Reputation: 48432
I have a table that contains ranges of IP addresses (as integer values) and corresponding country, region and city assigned to that range. It looks as follows:
CREATE TABLE [dbo].[IpToRegion]
(
[BeginRange] [bigint] NOT NULL,
[EndRange] [bigint] NOT NULL,
[CountryCode] [varchar](10) NOT NULL,
[Country] [varchar](50) NOT NULL,
[Region] [varchar](100) NOT NULL,
[City] [varchar](100) NOT NULL
) ON [PRIMARY]
CREATE UNIQUE CLUSTERED INDEX [ClusteredIndex-20151031-193911] ON [dbo].[IpToRegion]
(
[BeginRange] ASC,
[EndRange] ASC
)
GO
There are 9.1M rows in this table. In order to find the location of a single IP address, I first convert it to a big int and then execute the following query:
DECLARE @IPNumber BIGINT
DECLARE @IPAddress varchar(20)
Set @IPNumber = (CONVERT(bigint, PARSENAME(@IPAddress,1)) + CONVERT(bigint, PARSENAME(@IPAddress,2)) * 256 + CONVERT(bigint, PARSENAME(@IPAddress,3)) * 65536 + CONVERT(bigint, PARSENAME(@IPAddress,4)) * 16777216)
Select City + ', ' + Region + ', ' + Country
From IpToRegion
Where @IPNumber Between BeginRange And EndRange
The problem is this query can take anywhere from 5 to 20 seconds to execute. Here is the query plan:
Of course, my question is how can this query take so long to execute? It's doing a seek on the clustered index and returns a single row. I could try a few different indexing strategies. But, at this point, I'm more curious as to why this query can perform so poorly.
Upvotes: 3
Views: 628
Reputation: 48432
It turns out that the clustered index I had on BeginRange + EndRange was not efficient as Vladimir Baranov stated in his answer.

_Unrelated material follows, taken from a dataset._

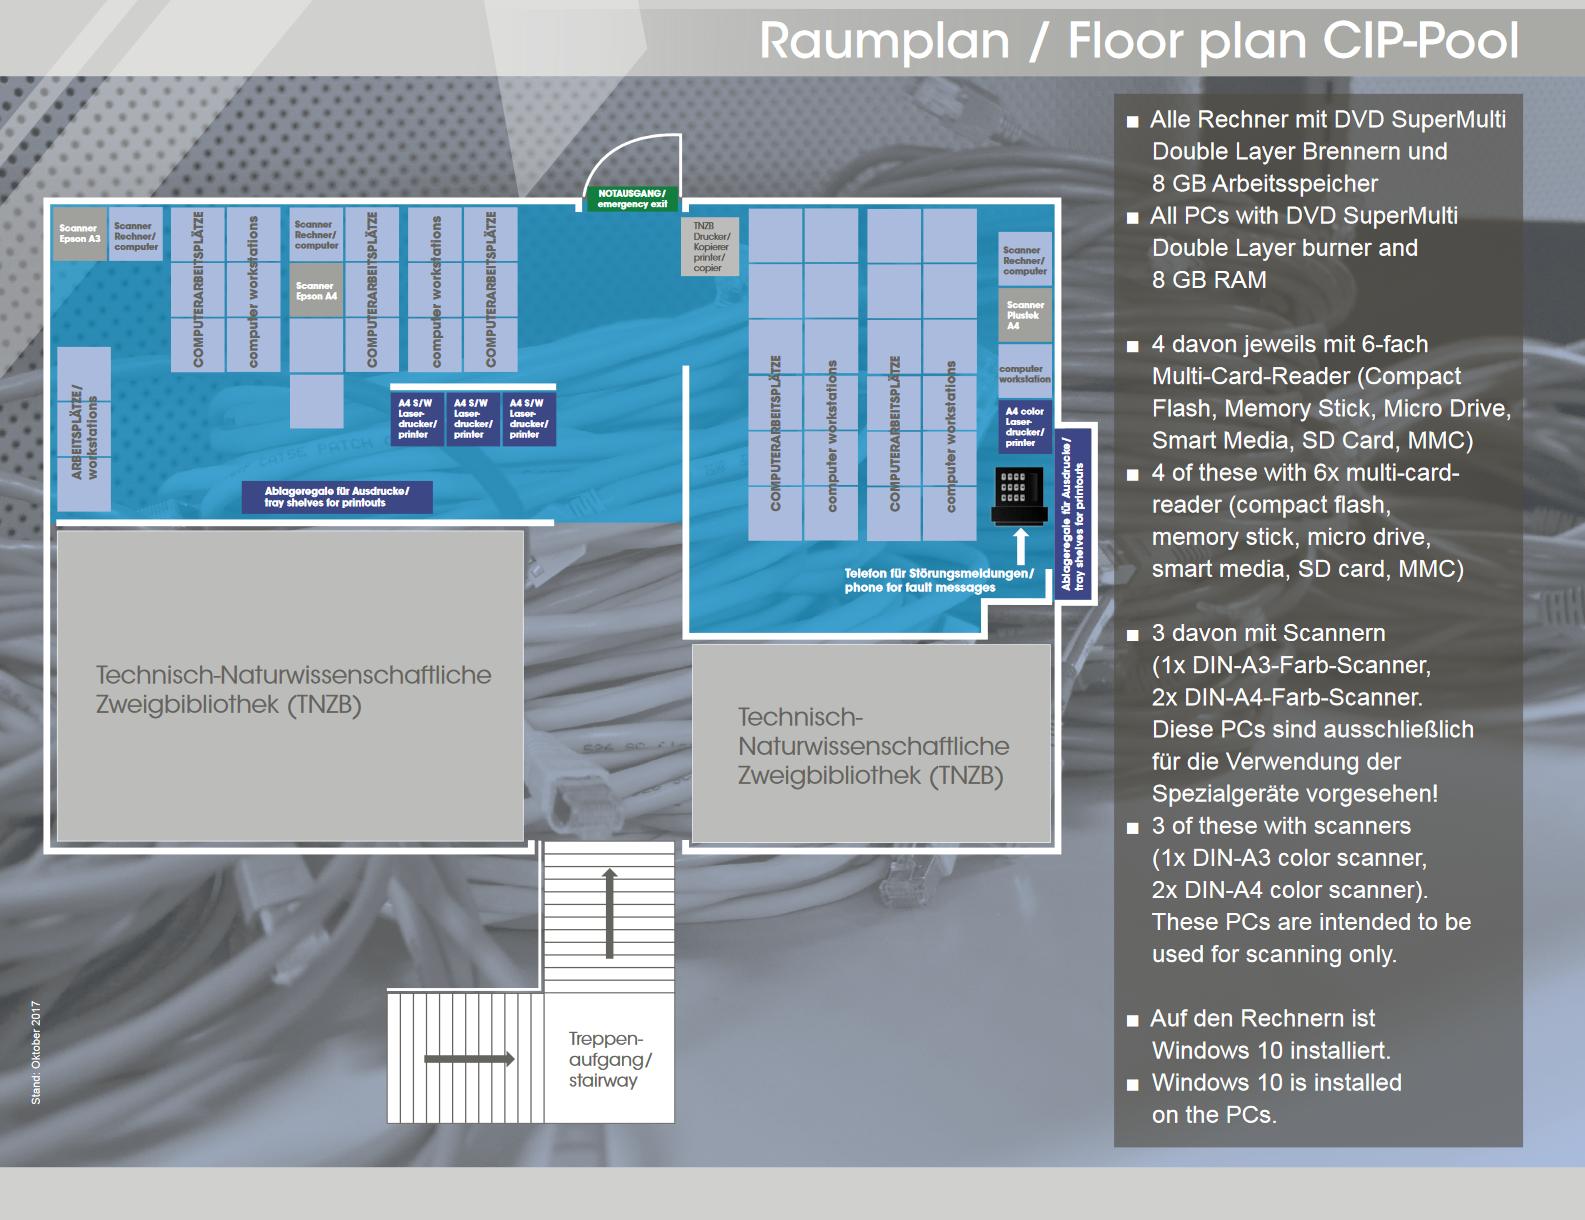 Abb. CIP-Pool Raumplan

What I did was to create a PK / clustered index on BeginRange and a separate index on EndRange. Now the query performs instantly.
Upvotes: 0
Reputation: 32695
This kind of search can't be done efficiently with the index that you have.
If you look at details of the Index Seek
operator in the plan you'd see two predicates.
@IPNumber >= BeginRange
@IPNumber <= EndRange
Index helps to quickly O(log(n))
find the start (or end) of the range, but then it has to check the second predicate for the rest of the rows in the table.
Check out the actual number of rows read in the plan. It will be large.
If I'm not mistaken, there was somewhat similar (more complicated) question before. Even though, it was asked for Postgres, the approach would work in SQL Server as well. In that question this kind of search was done not once, but 600K times.
The answer to the question "How to make this search efficient" depends on few things. First: can you guarantee that IP ranges in your table do not overlap? In other words, can you guarantee that any search will return 0 or 1 rows?
If yes, adding a simple TOP(1)
to the query could be enough.
Upvotes: 5